A estrada estende-se, escura, à nossa frente e vamos apressados para um jantar. De repente, uma ave dirige-se em direção ao carro e fica imobilizada no meio do caminho, sem nunca mais se mexer. Travamos a fundo, fazemos sinais de luzes. Em vão. Vale-nos haver aqui passageiros muito bem informados acerca da vida selvagem açoriana: “Isto é um cagarro!”
Ainda não sabíamos, mas o resto da noite haveria de ser animado – rapidamente nos dedicámos a apanhar as indefesas aves marinhas, que nesta altura do ano precisam mesmo de ajuda para não morrerem atropeladas. É por isso que se deve sair do carro para as apanhar, coisa que não é muito complicada de executar.
Há caixas de cartão que se podem recolher nos quartéis dos bombeiros, por exemplo, mas qualquer embalagem, desde que suficientemente arejada, serve para o efeito. Nessa noite, o nosso carro transportou oito cagarros, entregues depois nos bombeiros de São Roque e num contentor de portas abertas estacionado num descampado, à chegada a Madalena. Quando são deixados, deve preencher-se uma ficha de contacto.
Desde 1995, e por iniciativa de um cidadão do Corvo, o Governo dos Açores promove anualmente a Campanha SOS Cagarro, de 1 de outubro a 15 de novembro, para alertar a população açoriana (e visitantes) da necessidade de preservação desta espécie protegida que nidifica essencialmente nas ilhas portuguesas, salvando os cagarros juvenis encontrados, como estes que apanhámos, junto às estradas e nas bermas.
Este é o período que coincide com a saída das aves dos ninhos para o seu primeiro voo oceânico, sem auxílio dos pais. Esses chegaram a terra em fevereiro para construírem os ninhos nas rochas. Entre maio e junho puseram o ovo (só fazem uma postura) que eclodiu lá para julho. Até outubro, as crias estão protegidas pelos cuidados parentais, mas só até ganharem gordura suficiente.
É quando deixam os ninhos, à procura do mar para se estrearem em altos voos, com cerca de três meses, que correm perigo, porque se desorientam e podem ser colhidos por condutores mais distraídos. Nas estradas do Pico, pelo menos, há algumas marcas desses fatais descuidos.
Naquela noite, além da nossa colheita, houve mais 76 salvamentos. E por isso são precisas duas carrinhas dos ajudantes da natureza, do Parque Natural do Pico, para transportar os animais na manhã seguinte para o local escolhido para a sua libertação. Convém que estejam nas caixas o menor número de horas possível, claro.
Pelas 10 da manhã de um dia chuvoso e de mar agitado, a equipa de meia dúzia de vigilantes chega ao porto de São Caetano, aonde as condições marítimas são mais favoráveis a estes salvamentos. O momento tem o seu quê de coreografia e quase podia ser um bailado bem ensaiado.
As caixas são abertas, as aves agarradas pelas asas, os vigilantes sobem a um pequeno muro que os aproxima do mar, dão balanço com o braço e lançam o cagarro para lá da rebentação. A ave bate as asas e voa pela primeira vez na vida. Passados poucos segundos, desaparecem no horizonte. Lá ao longe, podemos ver que alguns aproveitam o embalo das ondas.

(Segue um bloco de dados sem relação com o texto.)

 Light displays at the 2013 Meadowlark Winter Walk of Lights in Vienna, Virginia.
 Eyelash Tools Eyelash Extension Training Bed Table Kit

“Nas ilhas com praias este momento do salvamento é menos épico”, explica Paulo Freitas, que já anda nisto há 17 anos, sempre na ilha do Pico. Nesses casos, os cagarros – ou pardelas-de-bico-amarelo – são simplesmente largados na areia, pois encontram sozinhos o caminho até ao mar.
A população açoriana está bastante atenta neste período e é costume ver famílias à caça de cagarros na estrada. Não admira: trata-se da maior campanha de sensibilização ambiental das ilhas, com uma forte componente de educação e já dura há quase 30 anos. A sua importância para a espécie é enorme – apesar de também nidificarem na Madeira, nas Canárias e nas ilhas do Mediterrâneo, 75% da população mundial nasce nos Açores.
No final da dança, a vigilante Lídia dedica-se a medir o bico, a asa e a anilar alguns cagarros para que, quando aqui voltarem, daqui a seis ou sete anos, já adultos, possa fazer-se a sua monitorização. “Há pouco tempo, apareceu uma ave numa praia no Brasil com quase 40 anos”, conta Paulo, acrescentando que, depois de libertadas para o mar, a maioria das aves aprende a pescar e encontra o seu caminho rumo a outras paragens mais a sul.
Na campanha do ano passado, e com a ajuda das brigadas diárias que percorrem as ilhas de lés a lés, todas as noites, foram salvos 6427 cagarros, um decréscimo de duas mil unidades em relação a 2019, mas ainda assim um número que dá alento para continuar.